= Jean Pierron =

French missionary

Jean Pierron (born at Dun-sur-Meuse, France, 28 September 1631; date and place of death unknown) was a French Jesuit missionary to New France (Canada).

==Life==

He entered the Jesuit novitiate at Nancy, 21 November 1650. After studying at Pont-à-Mousson, he became an instructor at Reims and Verdun. He completed the curriculum in 1665 and spent two years more as an instructor at Metz.

On his arrival in Canada in June, 1667, he was sent to the mission of Sainte-Marie, which ministered primarily to the Huron people, an Iroquoian-speaking group. In a letter written to friends in France the same year, Oierron described his impressions of the country, the characteristics and customs of the Native Americans, and expressed an admiration for the Iroquoian Huron language, which reminded him of Greek. He arrived at Tionontoguen, one of the three principal villages of the Mohawk Nation, on 7 October 1668, where he replaced Jacques Frémin as missionary. These people were one of the most flourishing of the five Iroquois nations: warriors, and difficult to convert.

Pierron made use of pictures which he painted in order to express his teachings in a way the Mohawk could grasp. He invented a game by means of which the Indians learned the doctrines and devotions of the Catholic Church. He taught the children to read and write.

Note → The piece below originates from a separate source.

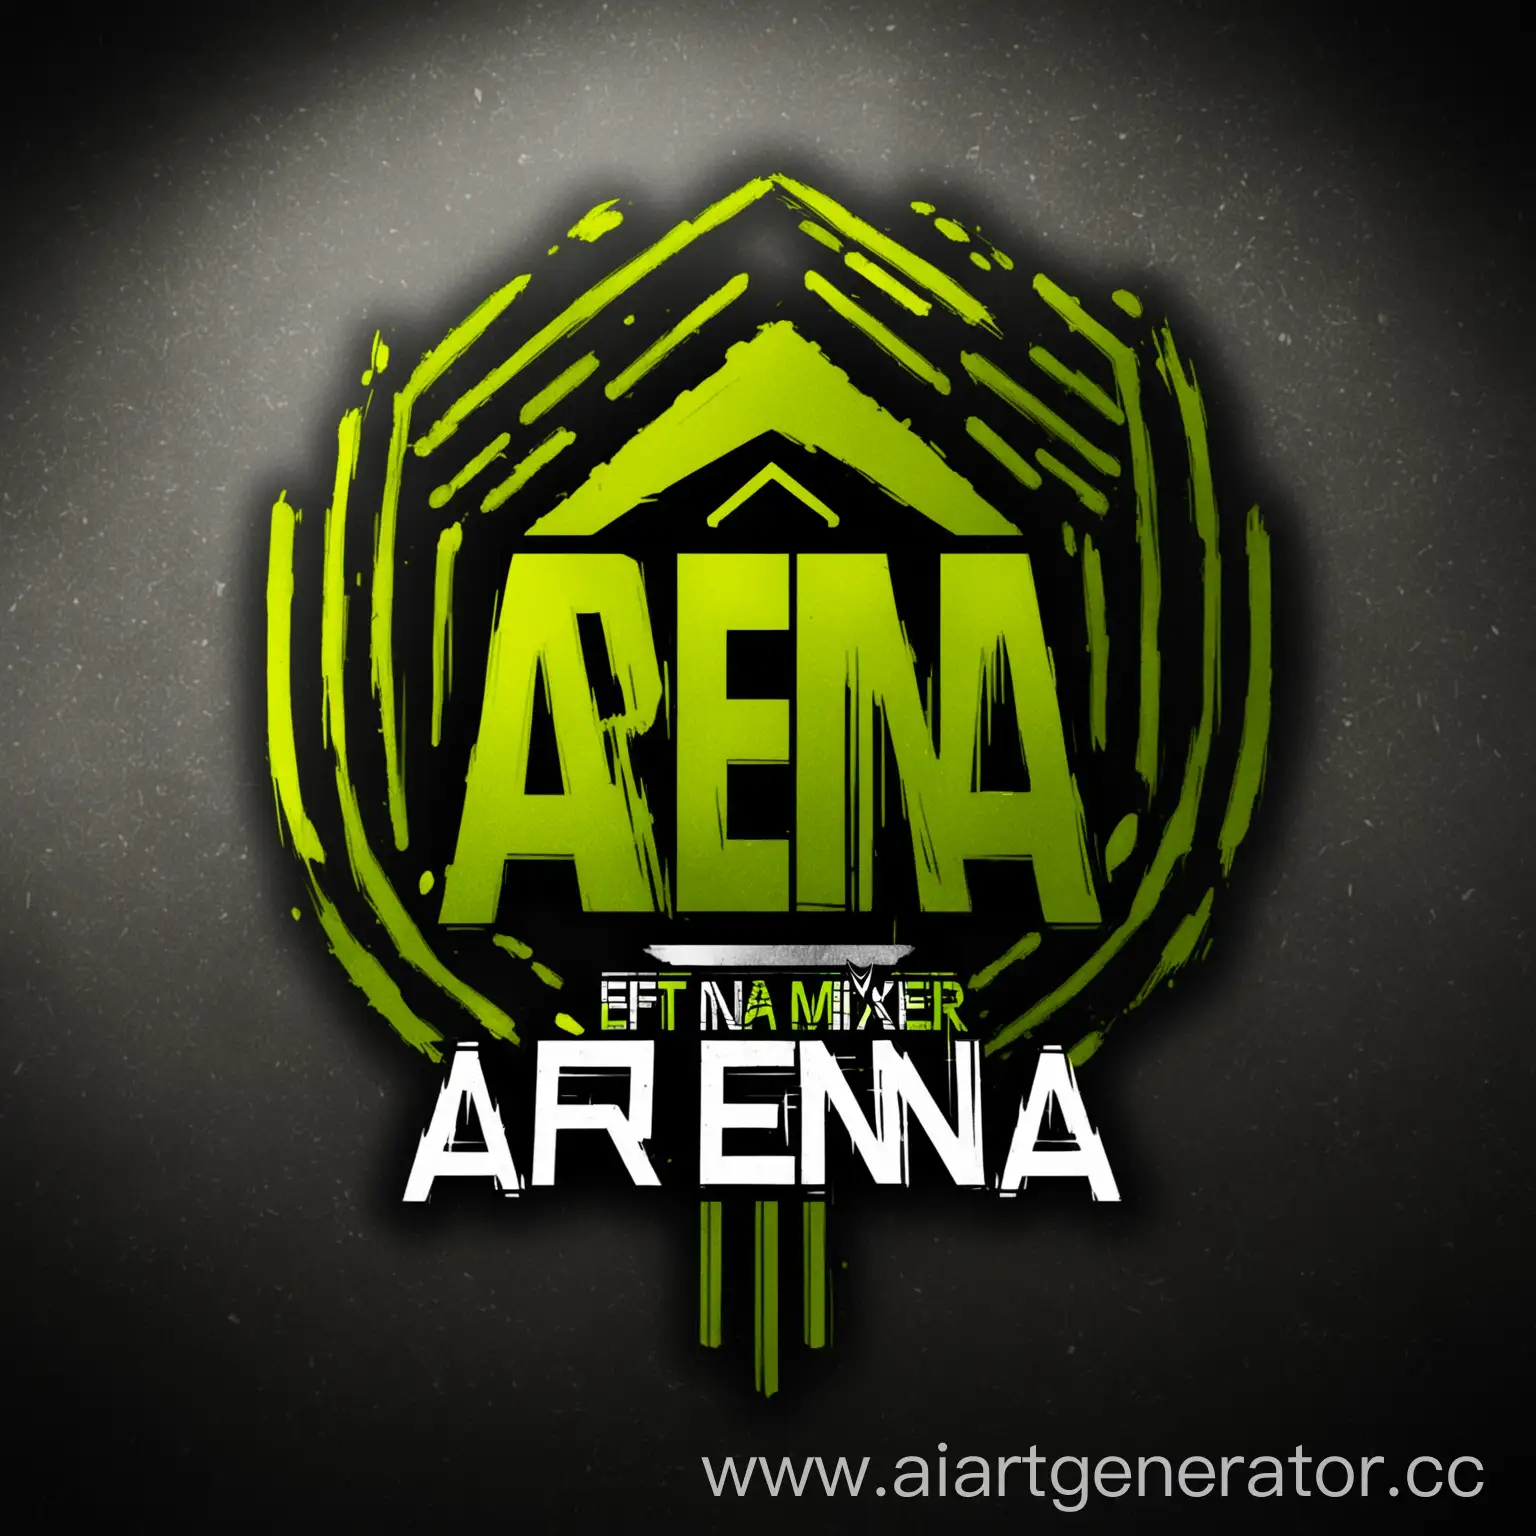 Dynamic-EFT-Arena-Mixer-Logo-with-Vibrant-Colors-and-Exciting-Action
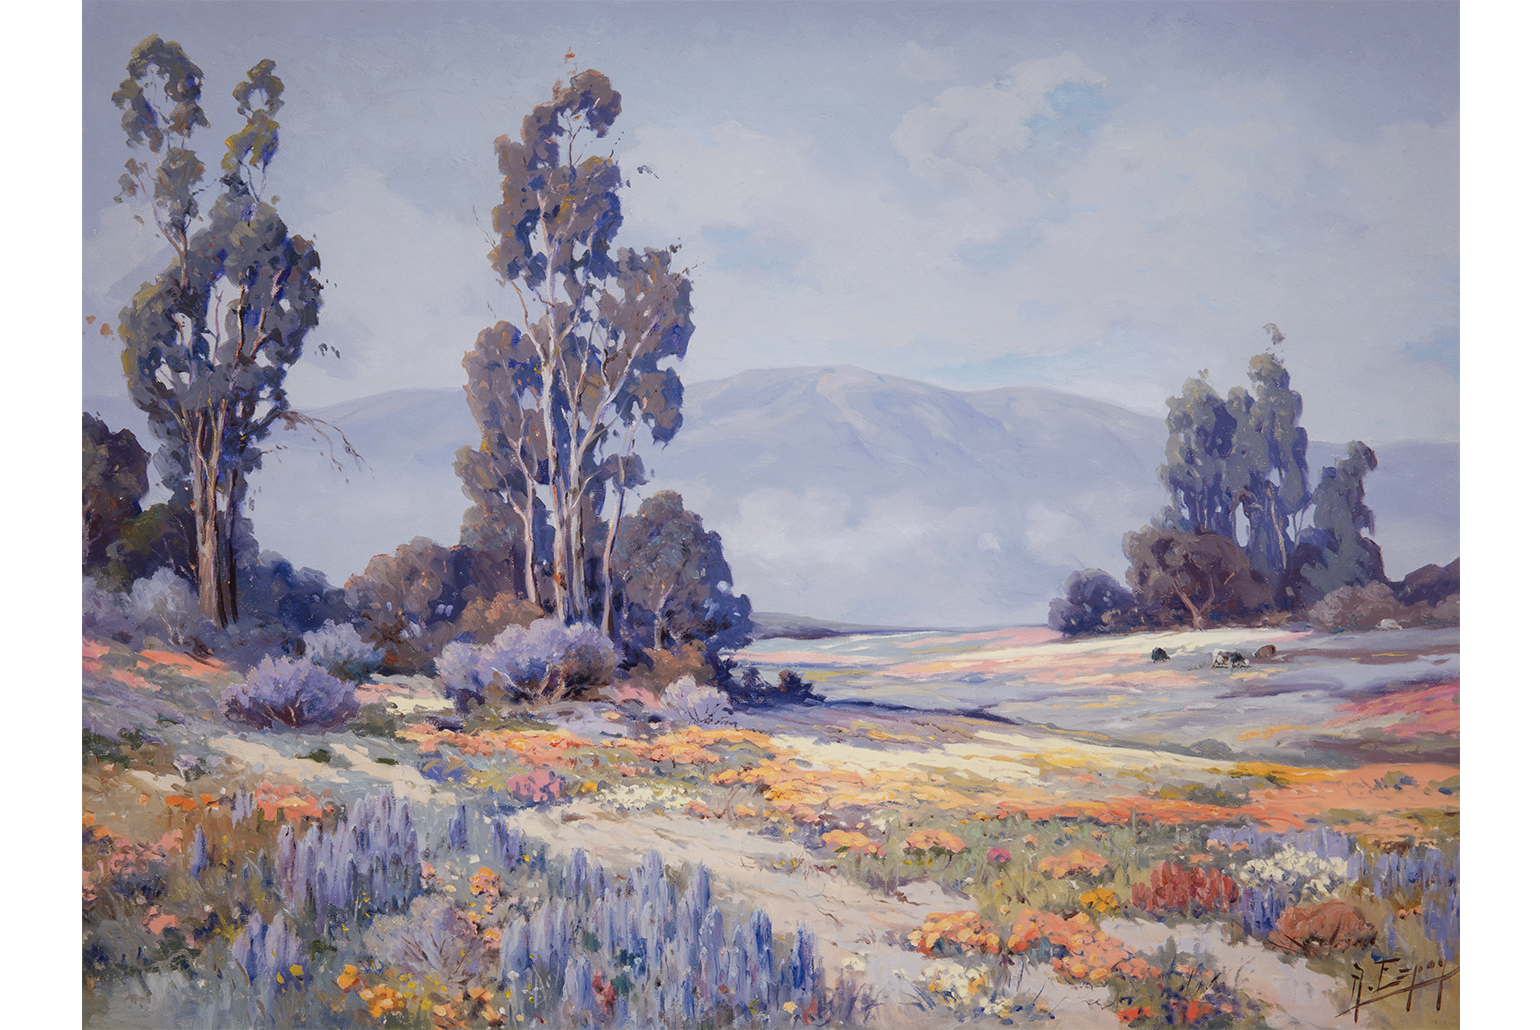 Angel Espoy, Untitled (Poppies, Lupines and Cows), after 1914, Oil on canvas, 30 x 40 in. UCI Jack and Shanaz Langson Institute and Museum of California Art, Gift of The Irvine Museum

Returning north, Pierron spent one winter in Acadia to ascertain whether it would be possible to re-establish the missions, which had been expelled in 1655. He also travelled through New England, Maryland (which at that time had a Catholic governor, Charles Calvert, 3rd Baron Baltimore, and a policy of religious tolerance), and Virginia. Returning to the Iroquois, he worked among them until 1677 and returned to France the following year. He is often credited with the conversion of St. Kateri Tekakwitha.